Kids & Stress- Understanding Your Young Child's Emotions

Upsetting things happen in every family’s life.  Sometimes these upsetting things can be big, like when someone close to the family becomes ill or dies, when parents separate, or when a teenage child gets into trouble.  Other times these things can seem bigger to the child than to the adult, like when a pet dies or the child starts a new school.

Kids and their parents don’t show their feelings in the same way when something stressful happens.  When adults are sad or stressed, they generally know what they are feeling and why. They may explain to people around them, “I’m really down because my dad is in the hospital,” or “Sorry if I sounded mean- I’m having a hard time because I’m worried about losing my job.”  Since they can often name and recognize their feelings, they can do something to help themselves. This can mean asking for help from others, or doing things for themselves to relieve stress or feel better.

It’s usually pretty easy to tell when a child is happy or excited about something.  Kids have different ways of showing that they are stressed.  Young children usually don’t have the words to tell others what they are feeling.  Kids may not realize why they are having mixed-up feelings inside.

When young children are stressed, they often show their feelings by changing their behavior.  Sometimes little things like not getting to watch their favorite television program will make them cry hysterically or become very angry.  Other times, they may start clinging to their parents and refusing to leave them to go to school.  They may fight with their friends and say nobody likes them.  Other kids might have trouble with things they used to be able to do.  For example, a child who was potty trained may start wetting his pants again, or a child may start sucking her thumb after having stopped.  These behavior changes are kids’ ways of saying “Hey, Mom and Dad, something is bothering me!”

How Parents Can Help
There are several ways parents can help their children get through hard times.  Here are some things you can do:

NOTICE changes in your child’s behavior.  These changes can show that your child is upset and needs your support.

SPEND SPECIAL TIME with your child.  Even just 5 minutes of one-on-one playtime with toys, playing along with your child’s game, talking about whatever he or she wants.  This special time is a wonderful way to calm kids down when they are upset.  It helps them feel safe and loved no matter what.  Sometimes this special playtime can calm parents down as well!
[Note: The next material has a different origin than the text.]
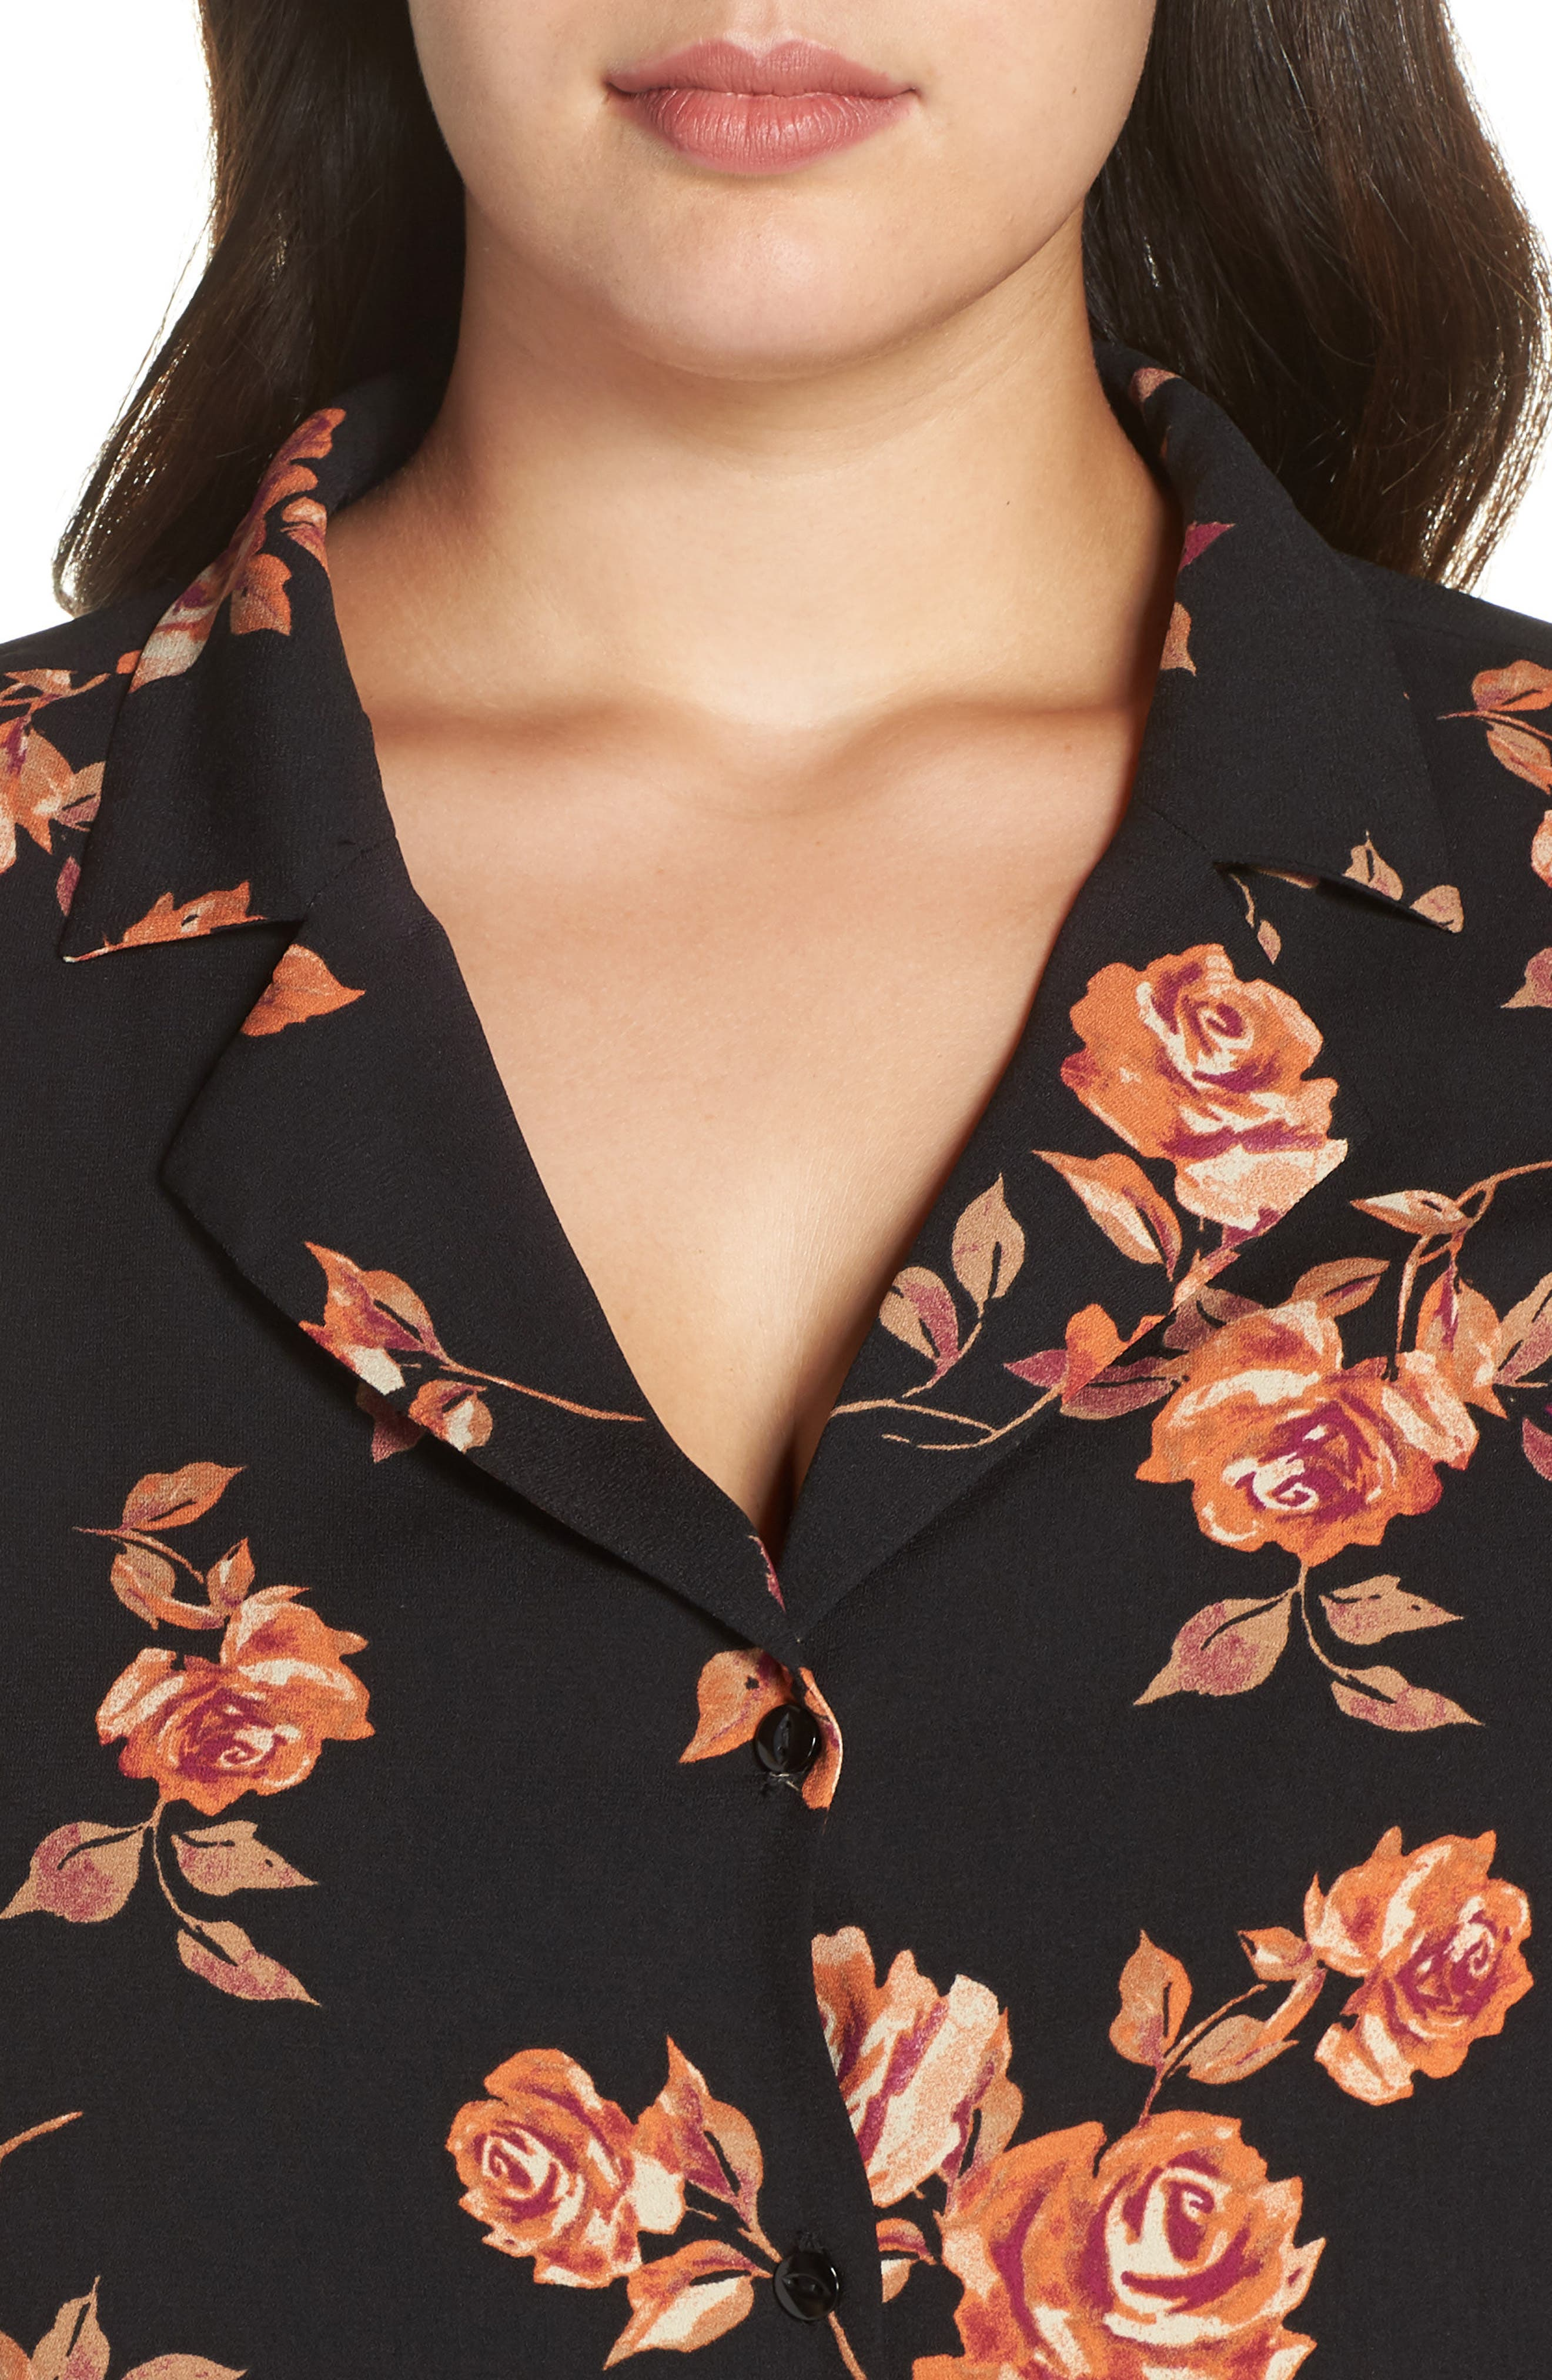 Notched Collar Floral Print Shirt,                             Alternate thumbnail 4, color,                             BLACK POP FLORAL

TALK to your children about feelings.  Teach them the names for feelings and talk to them about how you are feeling.  For example:
    “It makes me happy when you are nice to your brother.”
    “I’m feeling sad because Grandpa is in the hospital.”
    “It made me angry when that car ran into me.”
    “I’m feeling nervous because I am starting a new job today.”

When you tell kids how you are feeling, it lets them know it is ok to talk about feelings.  Of course, there are some things that kids don’t need to know about.  If you are clearly upset about something you don’t think your children should know about, it’s better to say “I’m just a little sad right now.” than to tell them to leave you alone or try and make them think you aren’t upset when it is clear that you are.

TELL other people who care for your child what is happening in your child’s life.  It can help teachers and babysitters deal with your child better if they know he or she is upset about something.

Here is an example of how one mom helped her son with his feelings

Leslie was a single mom.  Her 4 year-old son, Anthony, had an older cousin, Ben, with whom he was very close.  Ben would take Anthony to the park and play with him at least once a week.  Sometimes Anthony even told people that Ben was his dad.

One day Ben was in a car accident.  He was very badly hurt and was in the hospital in a coma.  When Leslie told Anthony that Ben was hurt, he didn’t seem sad right away, he kept playing with his toy cars.  Later that night, Anthony got really mad when his sister bumped into him by accident. He started screaming at her, and punched her in the stomach.

Leslie was already upset about Ben herself.  She felt very angry that Anthony would make things worse by hurting his little sister.  It seemed for a minute that he didn’t care about Ben or how she was feeling.

Leslie told Anthony to sit by himself in the corner for three minutes for hitting. While he was in the corner, he started crying very hard.  He didn’t usually cry like that when he was sent to time-out for misbehavior.  Leslie started thinking that maybe Anthony was upset about Ben but just didn’t know how to talk about it.

After Anthony’s time in the corner was over, Leslie decided it was a good time to have their special playtime.  She thought it would be nice to do something quiet, so they got out their Crayons and colored together.  Anthony asked his mom if she would draw a picture of him and Ben.  While she was drawing, Leslie said, “I am sad about Ben getting hurt. You must feel sad, too.”  Anthony just looked down, but Leslie could see that his face was very sad.  They finished coloring and Leslie told Anthony she would take the drawing to Ben when she went to the hospital the next day.

Eyberg, S.M., Calzada, E., Brinkmeyer, M., Querido, J., & Funderburk, B.W. (2003).  Kids and stress: understanding your child’s emotions.  In L. VandeCreek & T.L. Jackson (Eds.).  Innovations in clinical practice: Focus on children and adolescents (pp. 171-172).  Sarasota, FL.: Professional Resource Press.

Friday, April 8, 2011

Handling "Terrible" Tot Behavior in Public

If your child has behavioral problems, it can be hard to take him or her even essential places like the grocery store or the doctor’s office.  Sometimes children will do things to make parents feel bad like whining, yelling, or saying mean things.  Sometimes when parents tell them to stop, kids just act worse.  Strangers may turn and watch the child, and the parents may feel embarrassed.  Sometimes kids can get away with doing things in public that they would not be allowed to do at home.  Here are some things to do to help your child be good in public.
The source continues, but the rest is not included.